WORK REQUIRED:
Keep the pictures out. Write out every line of the listing exactly.
#### DATA SECTION ####
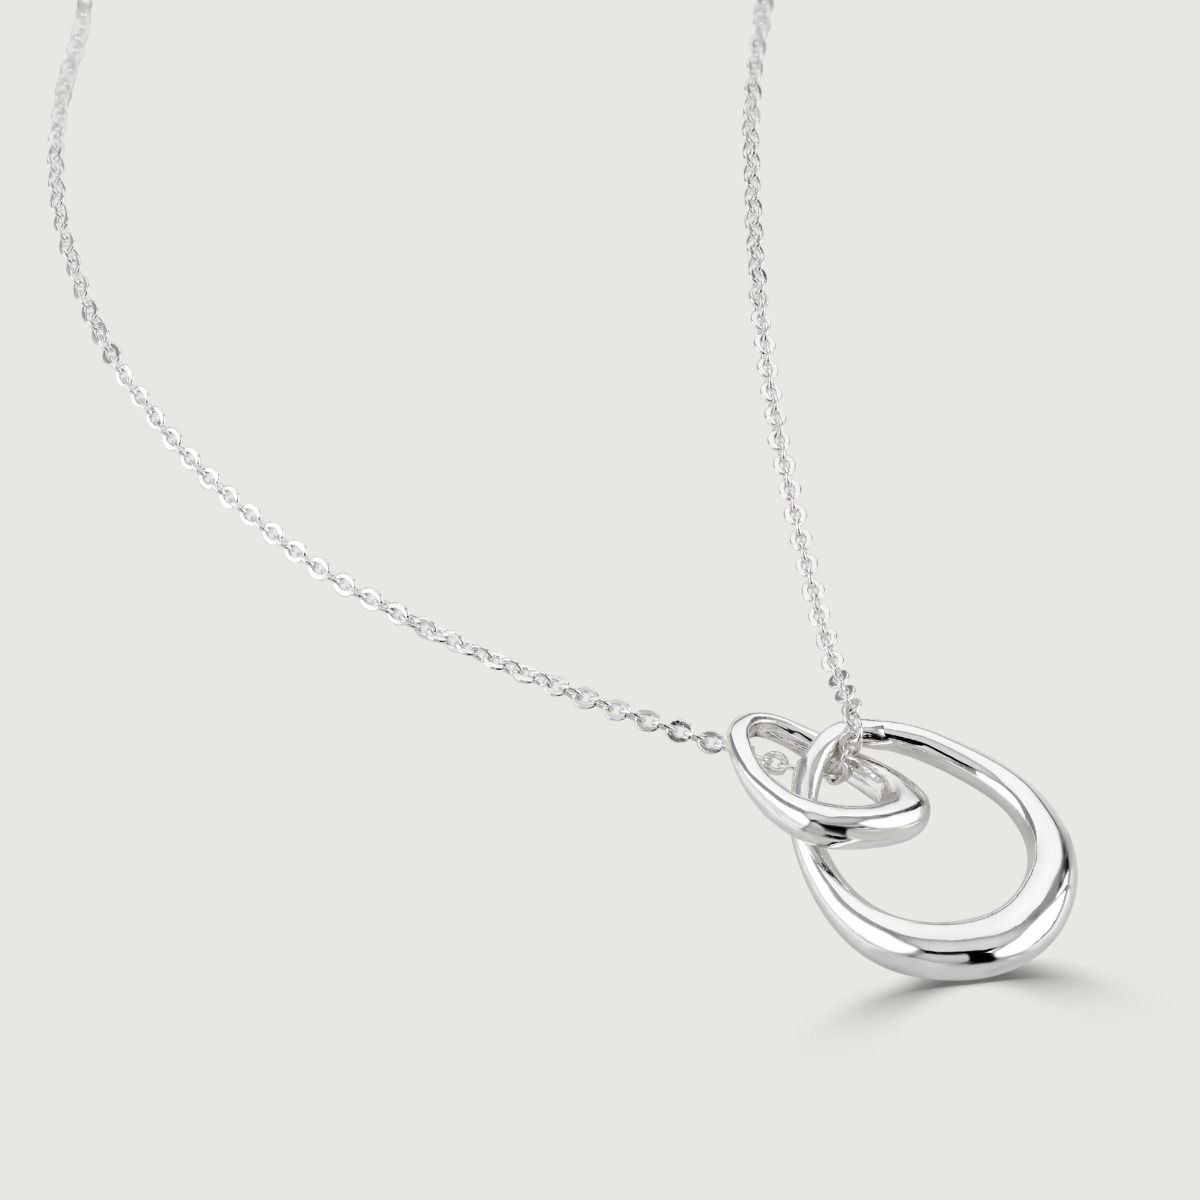 The Silver Organic Double Hoop Pendant is an elegant piece of jewelry crafted with precision. Its intertwining hoops and lustrous silver shine symbolize unity and connection, making it a versatile and sophisticated accessory for any occasion
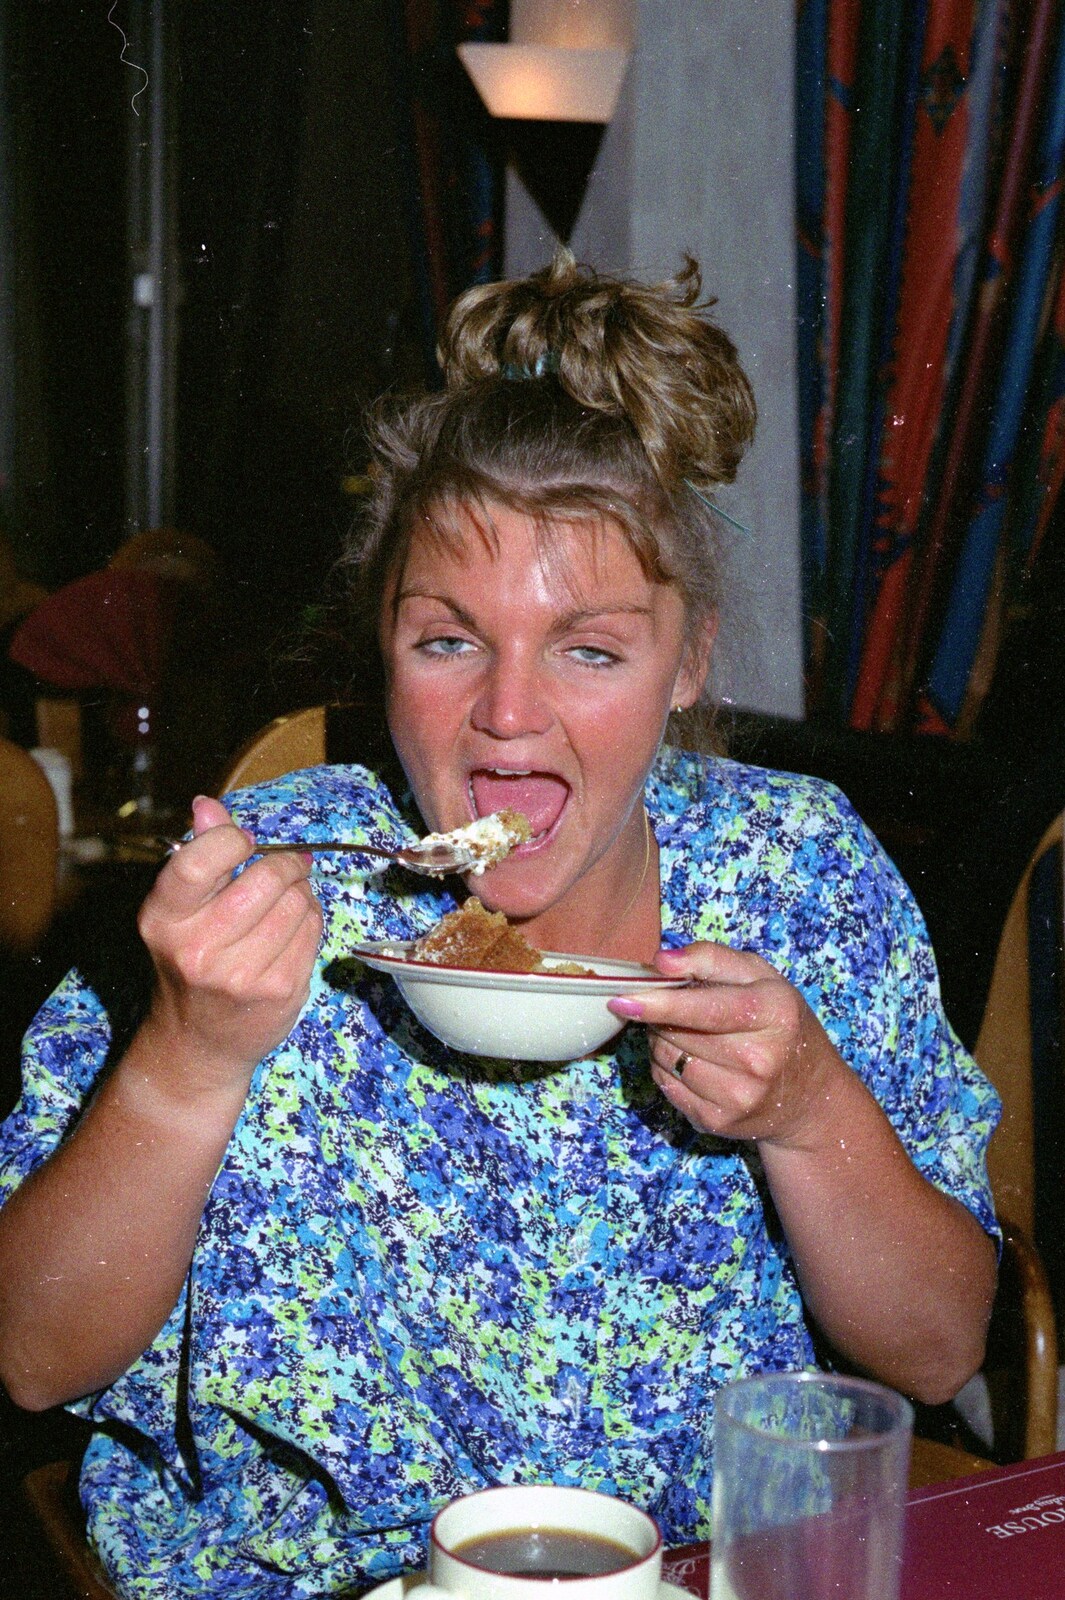 A non-flattering photo of Chantal eating from Chantal and Andy's Wedding, and the Lord Mayor's Parade, Plymouth - 20th May 1987
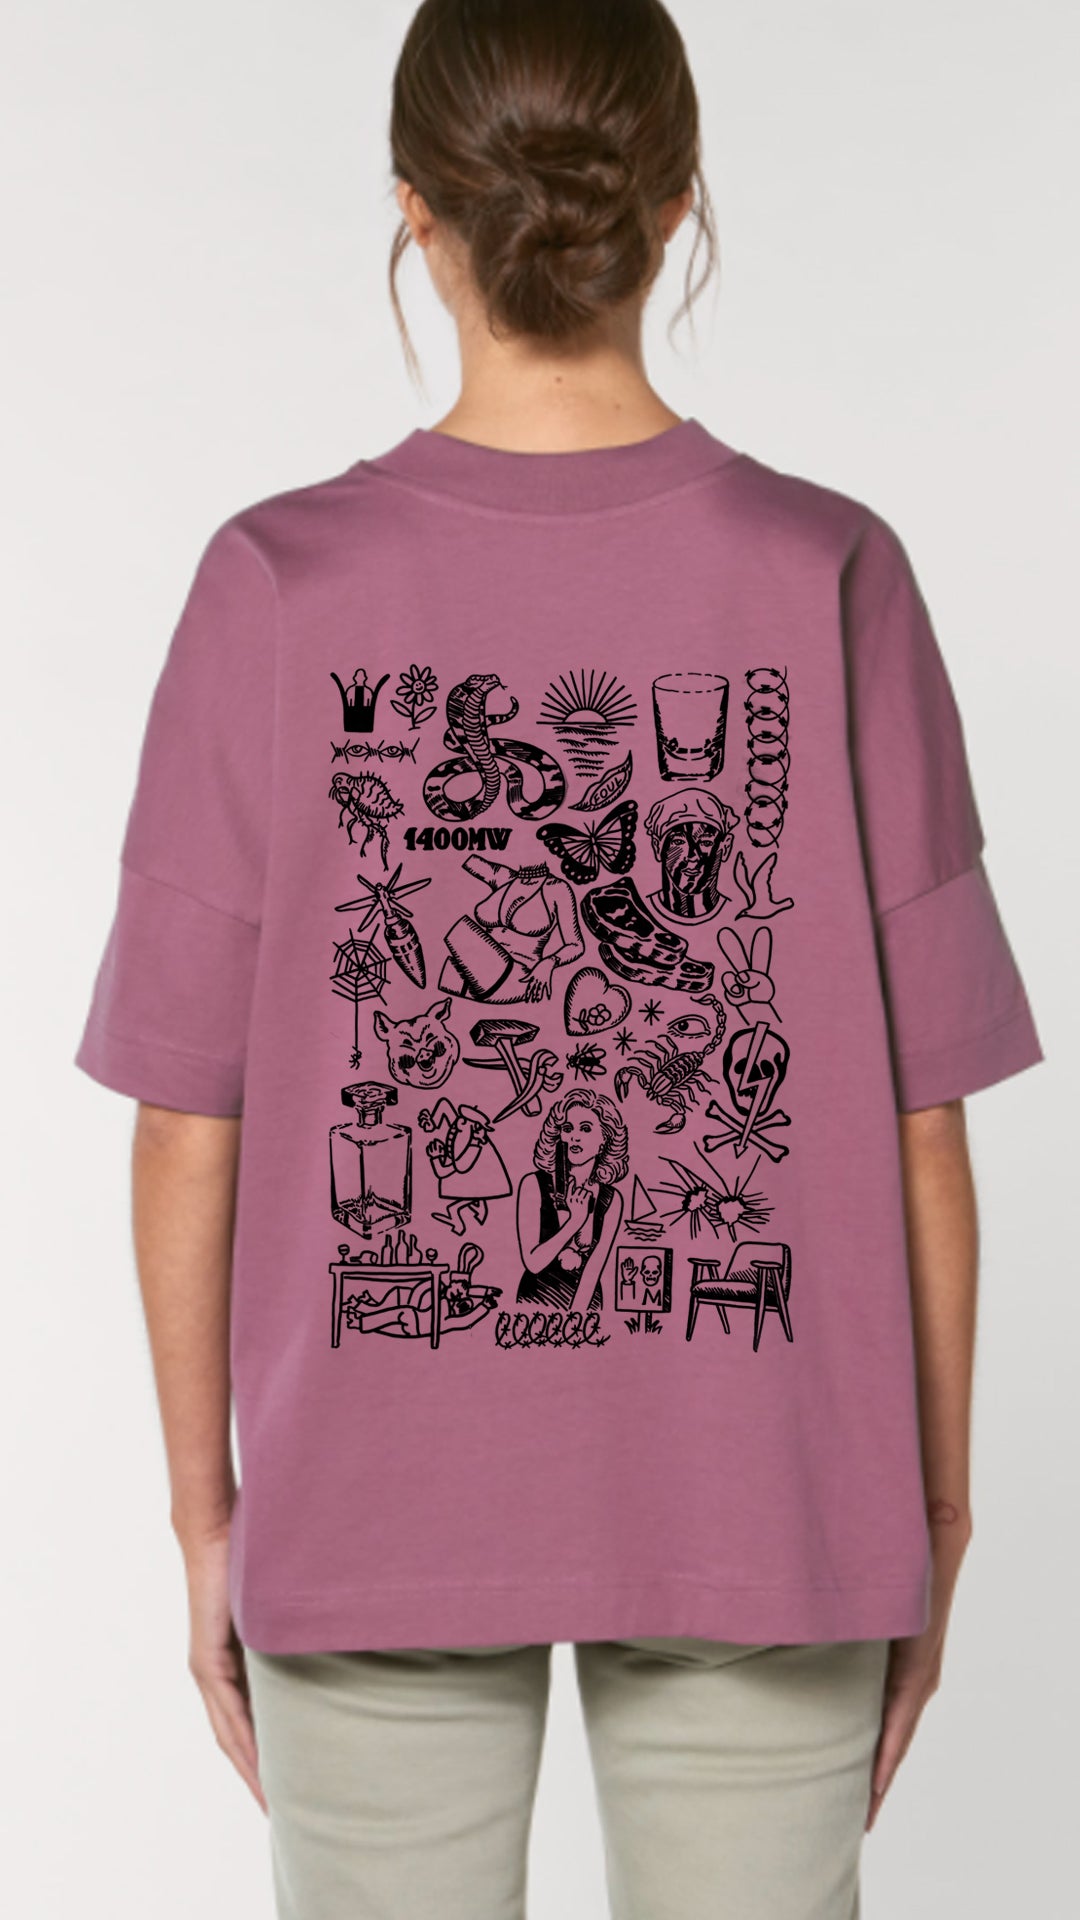 FLASH tshirt in Mauve - SOLD OUT
####
TASK RESULT:
 The Silver Organic Double Hoop Pendant is an elegant piece of jewelry crafted with precision. Its intertwining hoops and lustrous silver shine symbolize unity and connection, making it a versatile and sophisticated accessory for any occasion
 A non-flattering photo of Chantal eating from Chantal and Andy's Wedding, and the Lord Mayor's Parade, Plymouth - 20th May 1987
 FLASH tshirt in Mauve - SOLD OUT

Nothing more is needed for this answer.